▸ **YOUR GOAL**
Copy out the listing that follows, exactly, without its pictures.

▸ **INFORMATION SUPPLIED**
————————

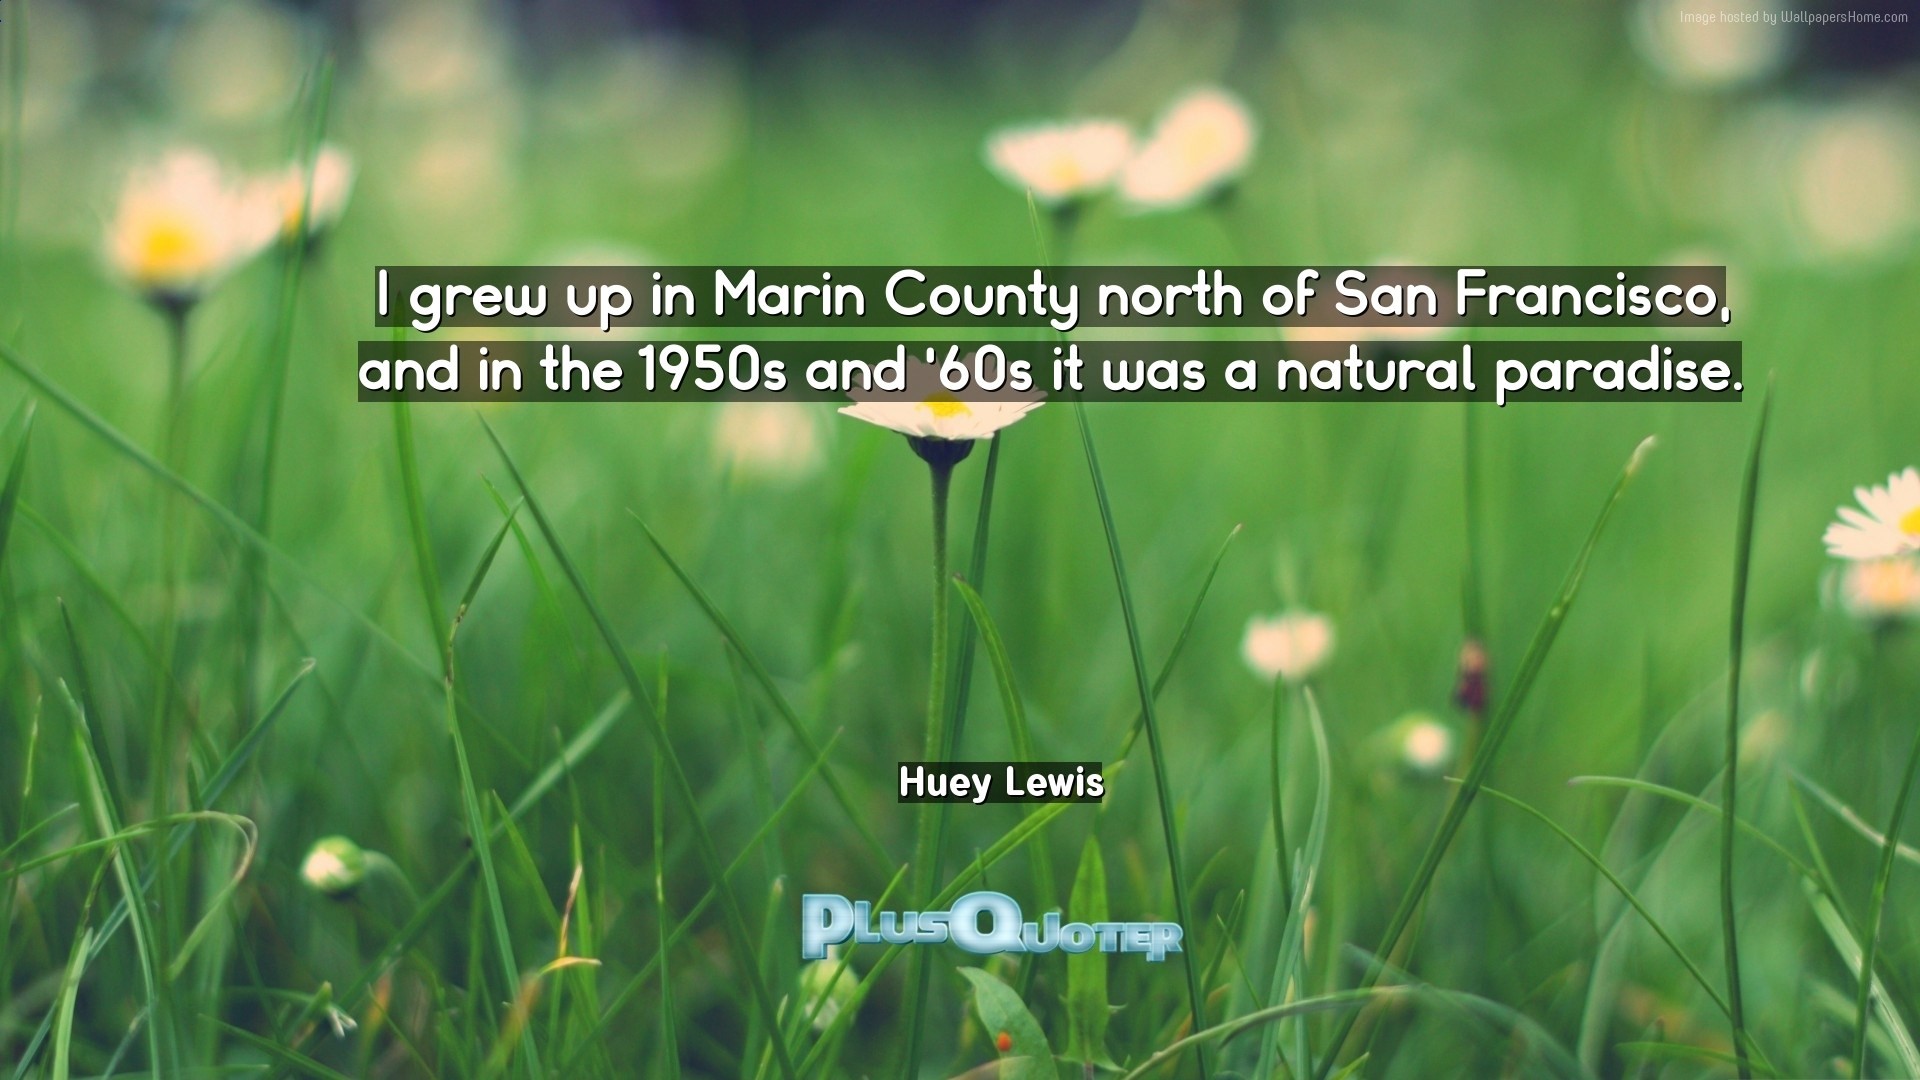 1920x1080 Download Wallpaper with inspirational Quotes- "I grew up in Marin County  north of San. “
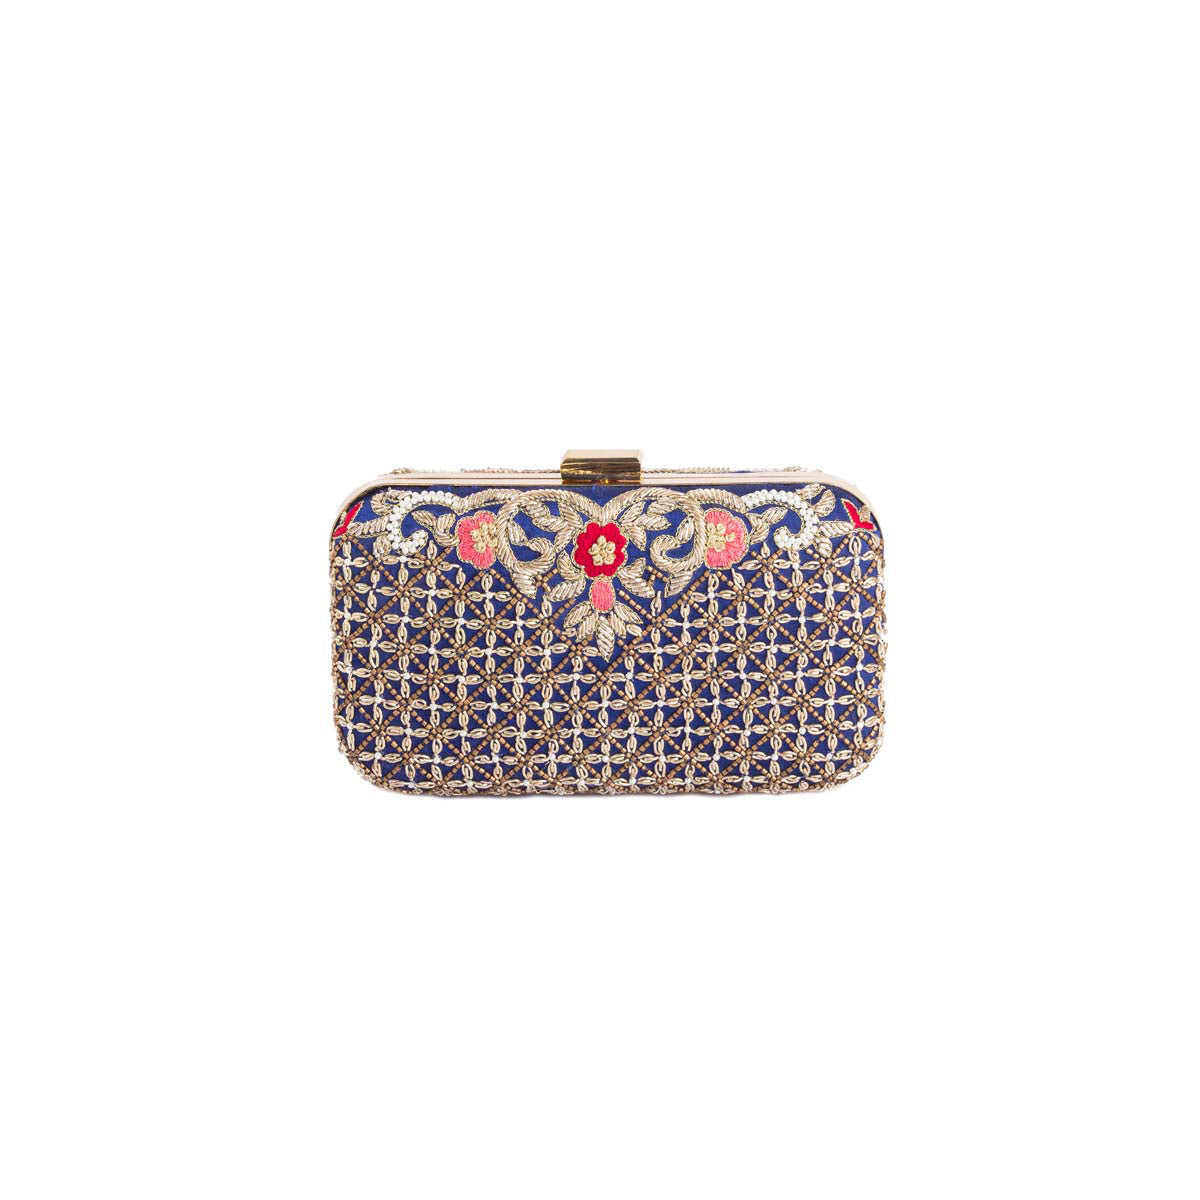 The perfect muse-worthy medley of florals and fashion, this blue clutch boasts of zardosi embroidered flowers and intricate lattices.
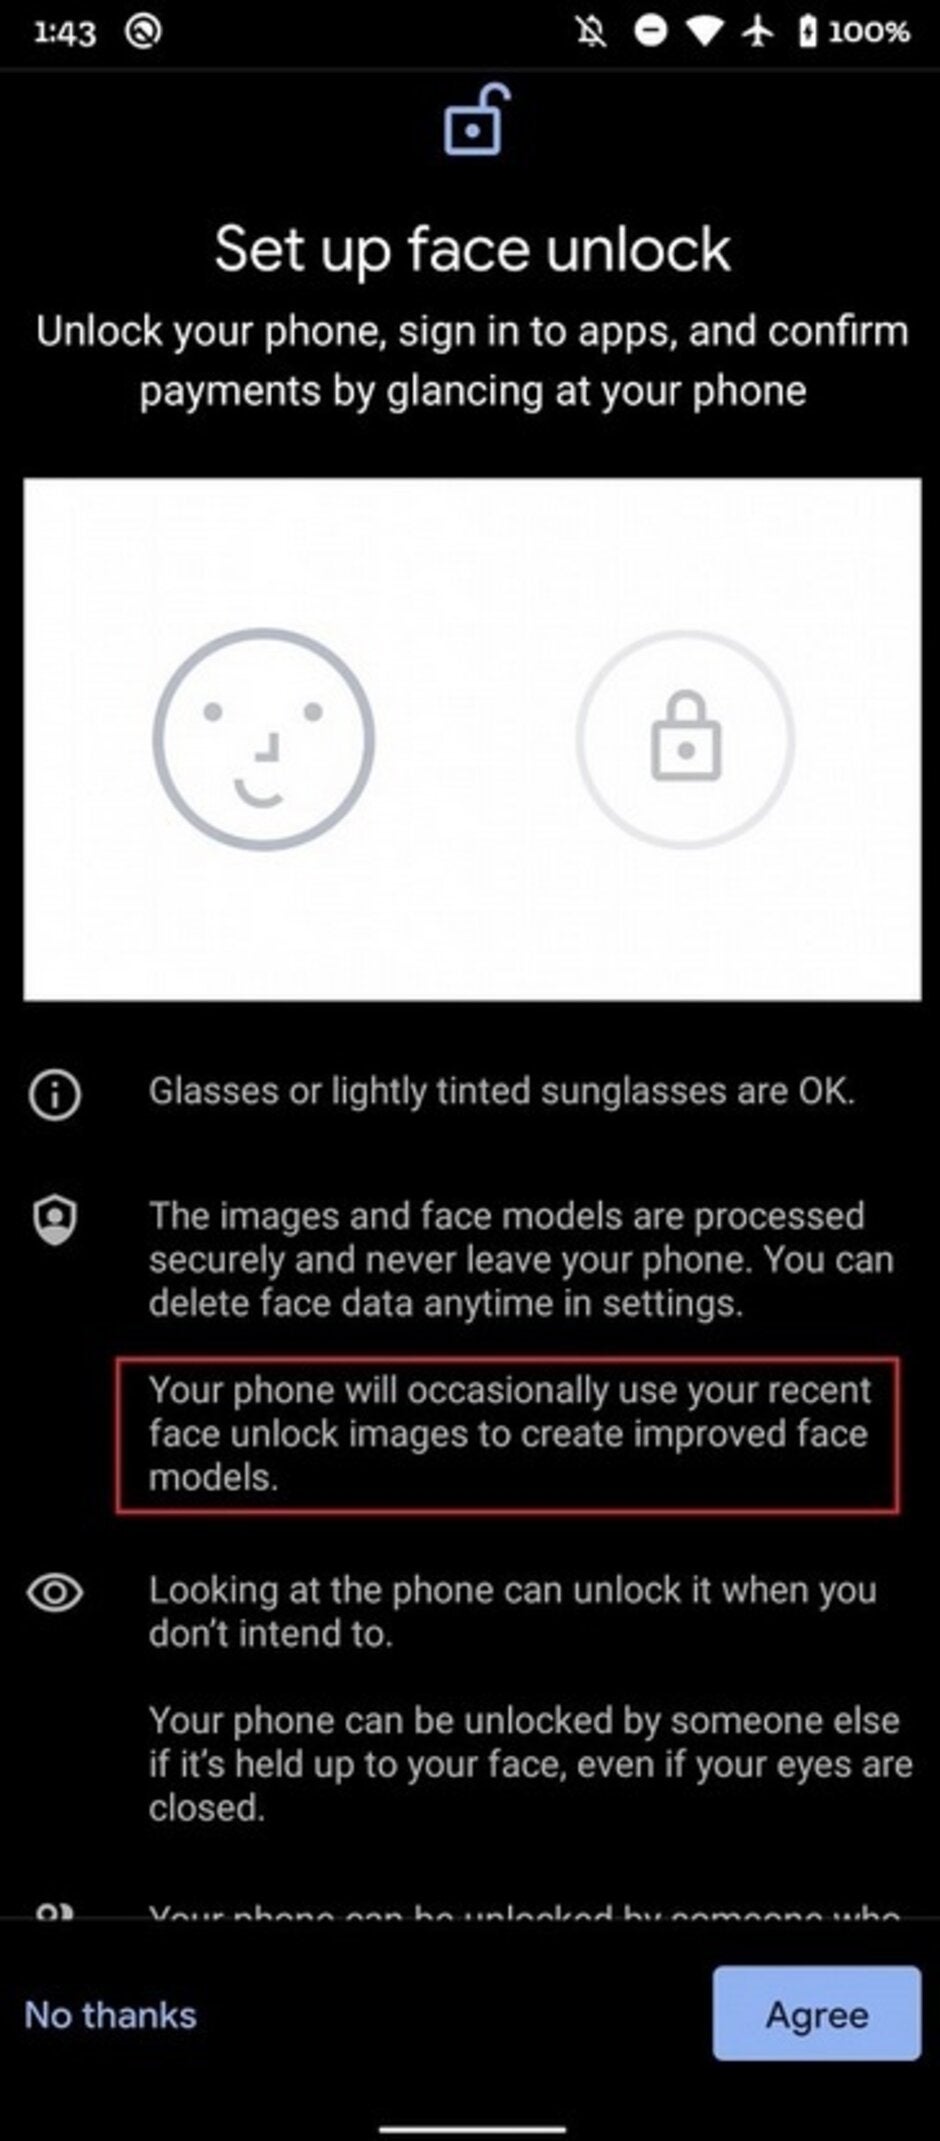 From time to time, Face Unlock will use recent images to improve its face models - Update brings some "hidden" changes to the Pixel 4 series

————————

▸ **ANSWER SECTION**
 1920x1080 Download Wallpaper with inspirational Quotes- "I grew up in Marin County  north of San. “
 The perfect muse-worthy medley of florals and fashion, this blue clutch boasts of zardosi embroidered flowers and intricate lattices.
 From time to time, Face Unlock will use recent images to improve its face models - Update brings some "hidden" changes to the Pixel 4 series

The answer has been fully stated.